Re: [Rdkit-discuss] rejoining pairs of fragments after fragmenting a molecule
Open-Source Cheminformatics and Machine Learning
Brought to you by:
glandrum
From: Andrew D. <da...@da...> - 2021-04-02 15:03:51
|
Hi Ling, > On Apr 2, 2021, at 16:23, Ling Chan <lin...@gm...> wrote: > > Thank you Francois, I took a look at your code and borrowed parts of it to rejoin two molecules. It seems like my problem is solved.
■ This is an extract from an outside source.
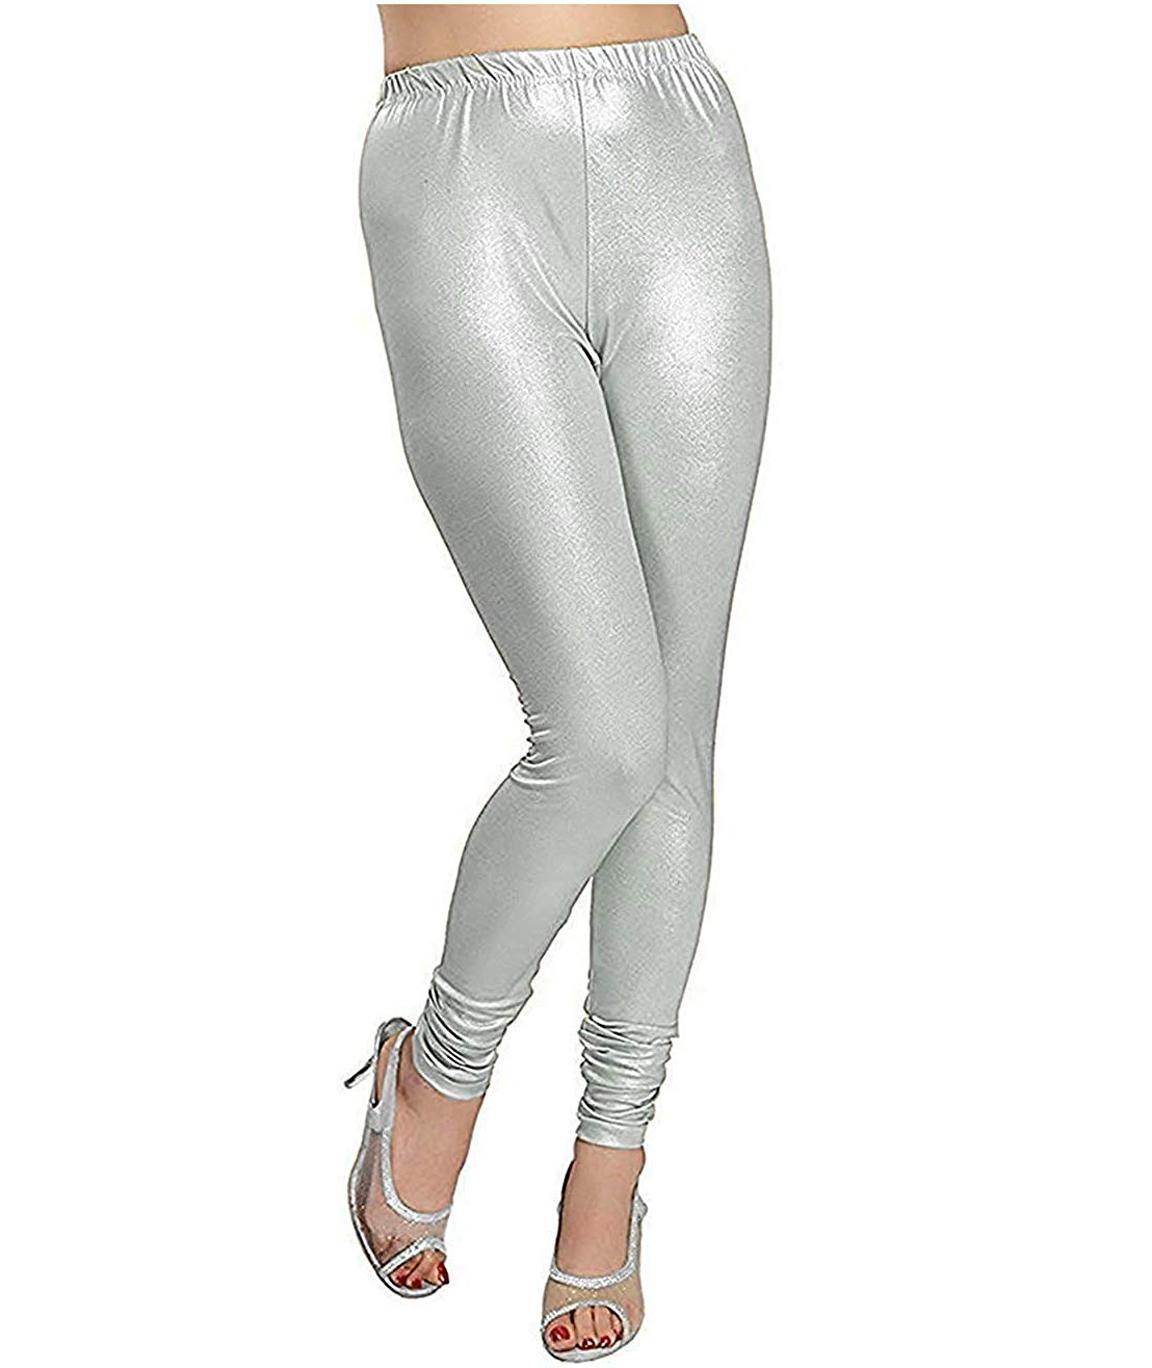 Swag Womens Silver shimmer leggings
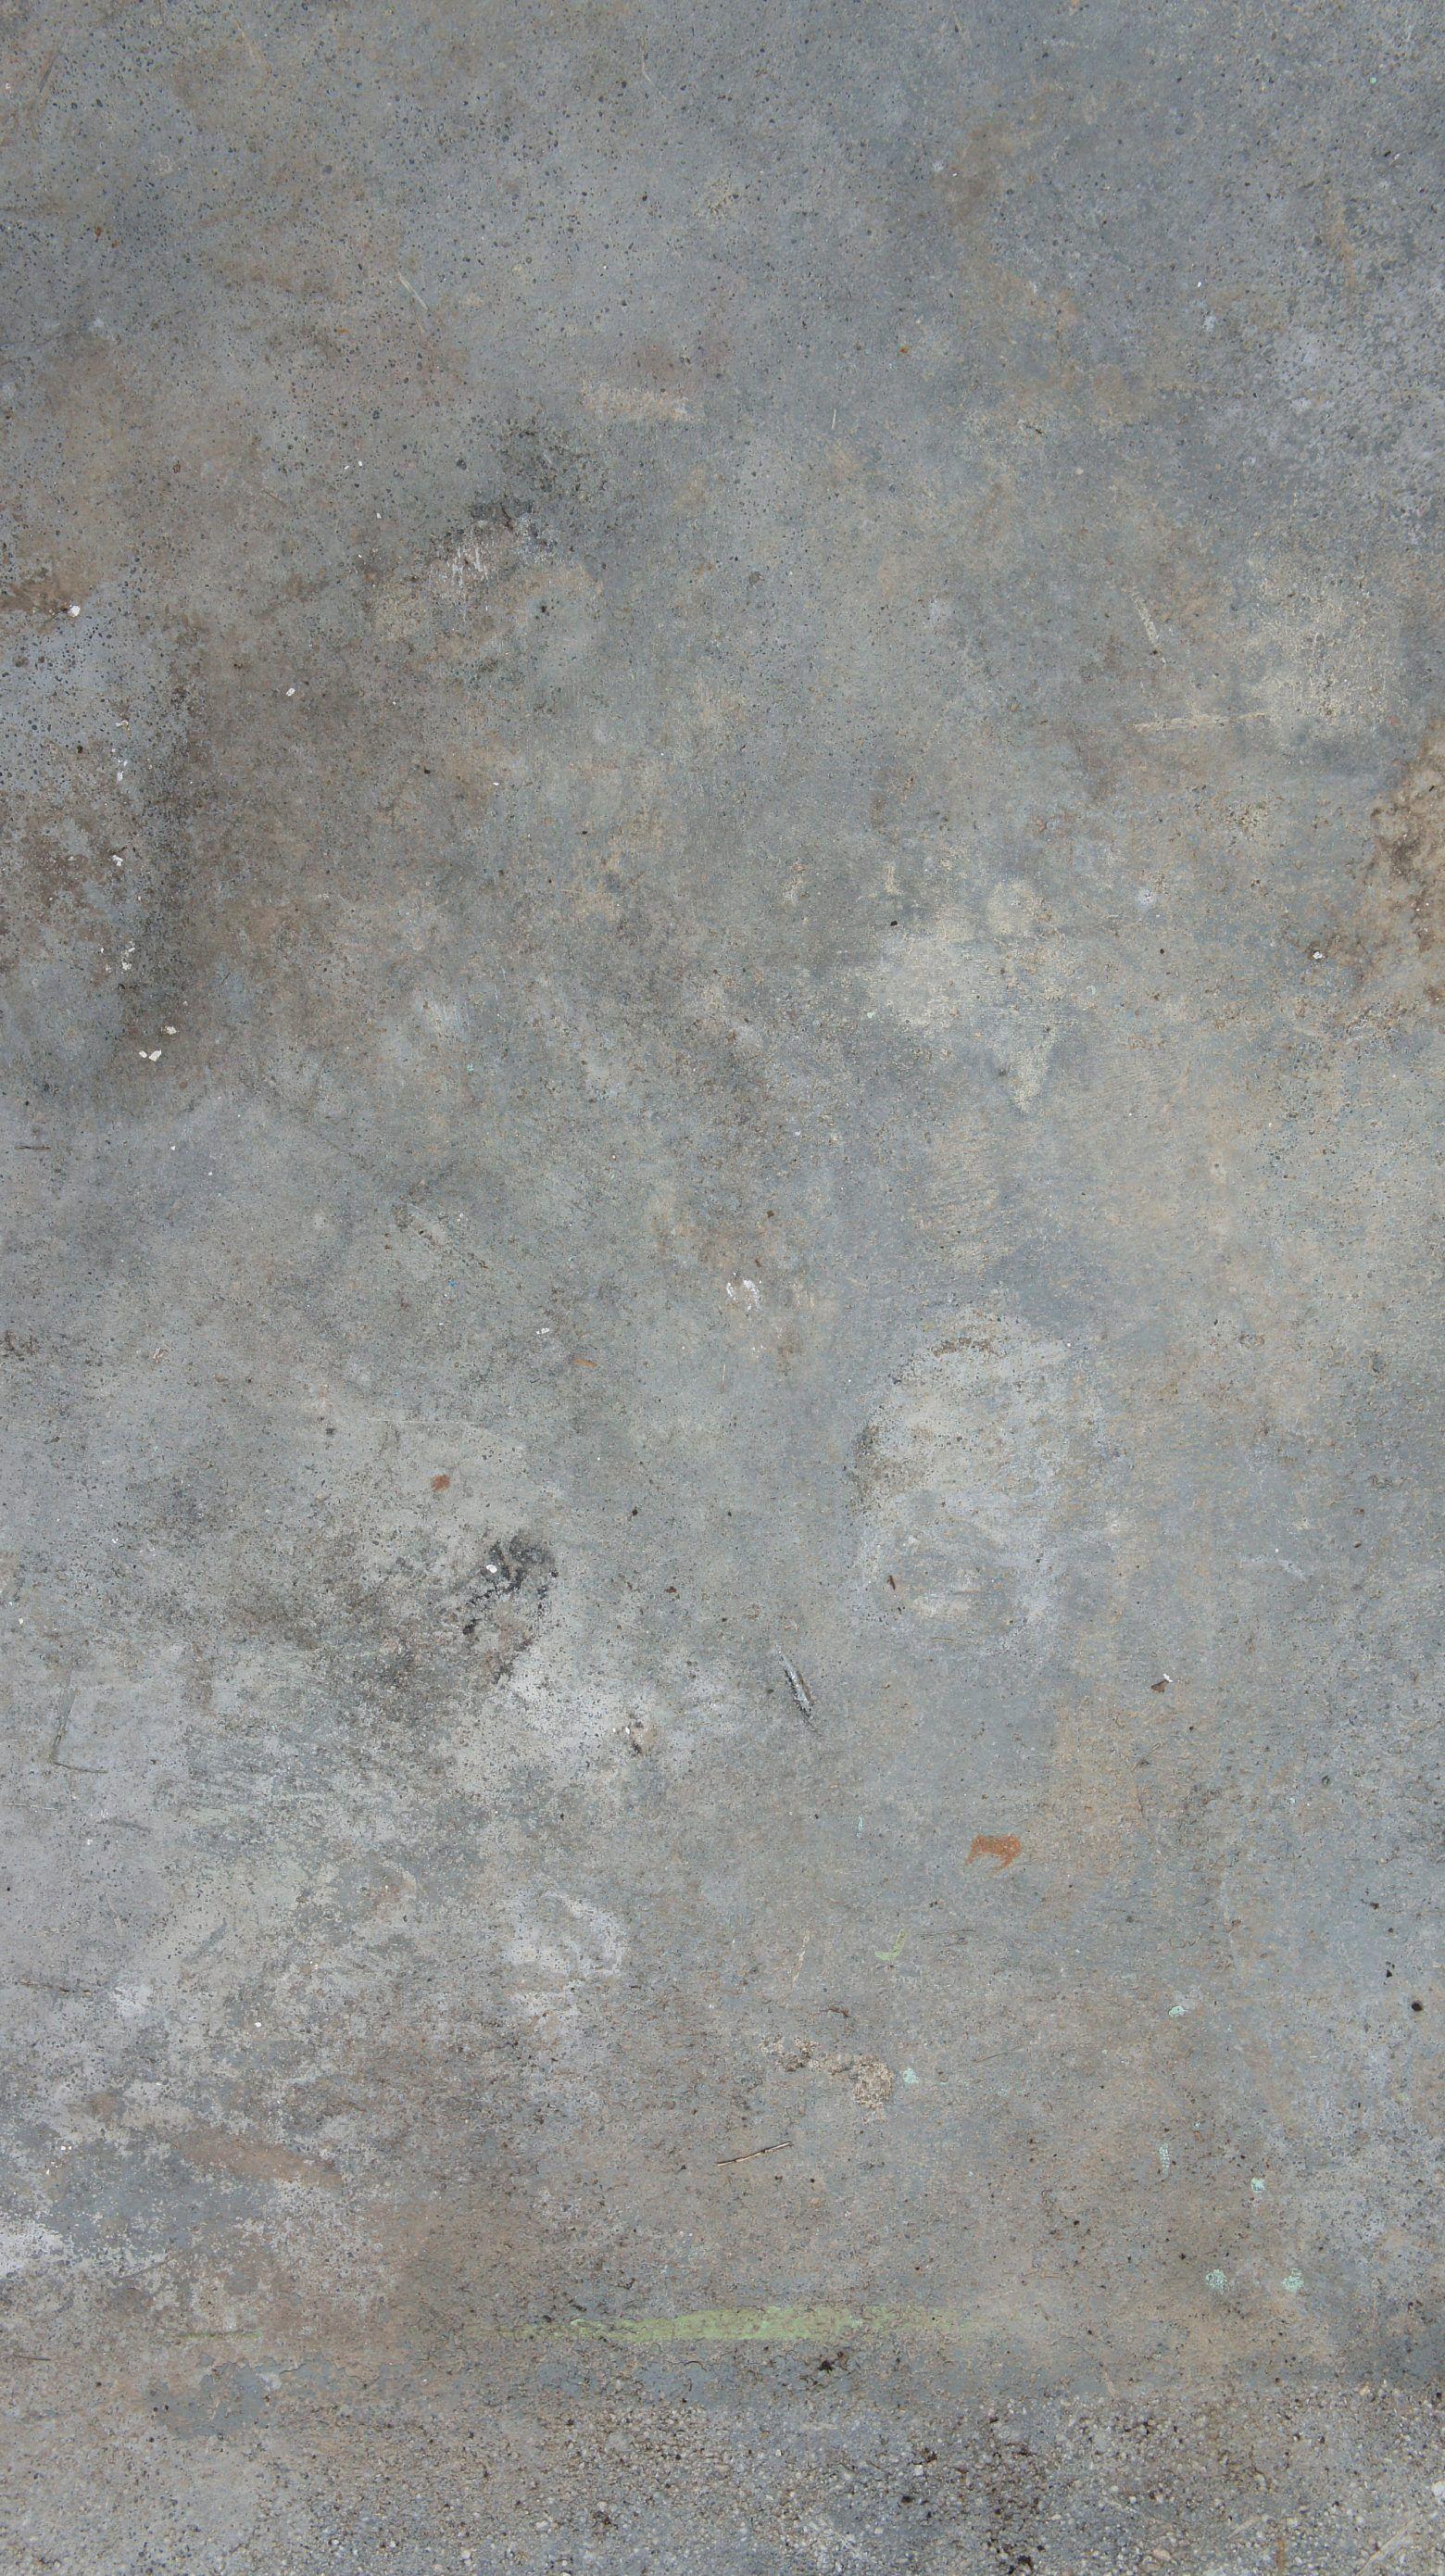 Floor Texture In 2020 Concrete Texture Floor Texture Concrete Wallpaper

I eventually arrived at something like example 4 in > https://www.programcreek.com/python/example/123334/rdkit.Chem.CombineMols > (which I discovered a bit late). > > Still, I am not sure if the code is safe. In particular, I wonder if the following conditions are always valid. > • Chem.CombineMols simply concatenates the atomic indices from the input molecules. > • The Chem.EditableMol constructor preserves atom ordering from the input. > • RemoveAtom in EditableMol results in all indices above the deleted to decrease by one, i.e. atom ordering is preserved. I've found that it's very hard to work with molecular graphs and preserve stereochemistry. Consider F/C=C/Cl breaking on the first bond, and the code I pointed you to. FragmentOnBonds() using '9' as the labels gives: [9*]/C=C/Cl.[9*]F My "smiles_weld" code converts that to: CC\%99=C/Cl.F%99 which can be re-canonicalized to the original: F/C=C/Cl . Or, with F[C@H](Cl)Br again, breaking on the first bond. FragmentOnBonds() gives [9*]F.[9*][C@H](Cl)Br smiles_weld converts that to F%99.[C@@H]%99(Cl)Br which is re-canonicalized as F[C@H](Cl)Br Handling this correctly in the molecule API requires paying careful attention to the bond direction, and bond attachment order around the atom, which changes with RemoveAtom() calls. I didn't see stereochemistry support in Francois's "bind_molecules()" nor in the connect_mols() at https://github.com/molecularsets/moses/blob/master/moses/baselines/combinatorial.py (one of the examples from the programcreek.com link you gave). If you don't need to support or preserve stereochemistry, then of course there's no problem. Cheers, Andrew da...@da... |